呼吸は口呼吸と鼻呼吸に分けられますが、口呼吸が体に悪影響を与えることが問題となっています。歯科領域における2大疾患、すなわち虫歯と歯周病においても従来の口腔清掃だけでは解決できない場合が増加しています。口の中は本来、だ液に潤されることでいい状態が保たれていますが、口呼吸により乾燥すると虫歯や歯ぐきの炎症を起こすことが知られています。十分なブラッシングを行っているにもかかわらず口腔内のトラブルを起こしやすい人は口呼吸を疑ってみる必要があります。また口呼吸はのどの奥の扁桃リンパ輪に慢性的な炎症を引き起こすために免疫系疾患との関連も言われています。

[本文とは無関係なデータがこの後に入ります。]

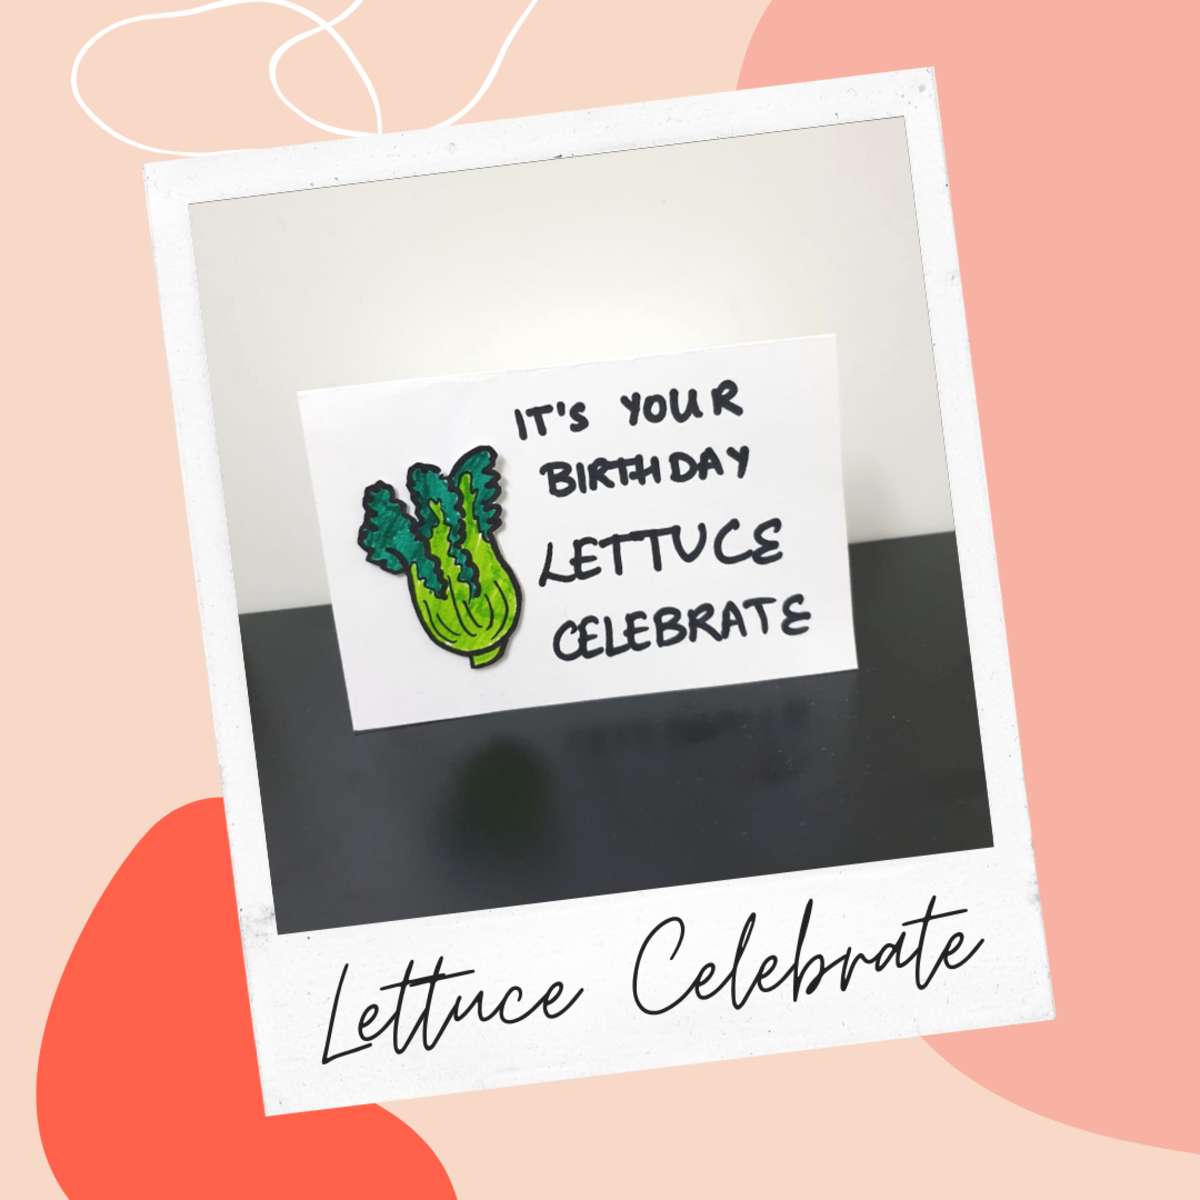 Lettuce Celebrate Birthday Greeting Card Idea

このように口呼吸を行うことは身体に悪影響を与えますのでこれを改善することが健康維持には必要です。
口呼吸の改善方法には大きく2つのものがあります。ひとつは「あいうべ」と言いながら舌を出す「あいうべ体操」のように舌の筋肉を鍛えるものと、トレーニング様のマウスピースを使用して口の周りの口輪筋を鍛えるものがあります。どちらも口呼吸を治す効果があります。詳しくはかかりつけの歯科医師に御相談ください。(2012年放送)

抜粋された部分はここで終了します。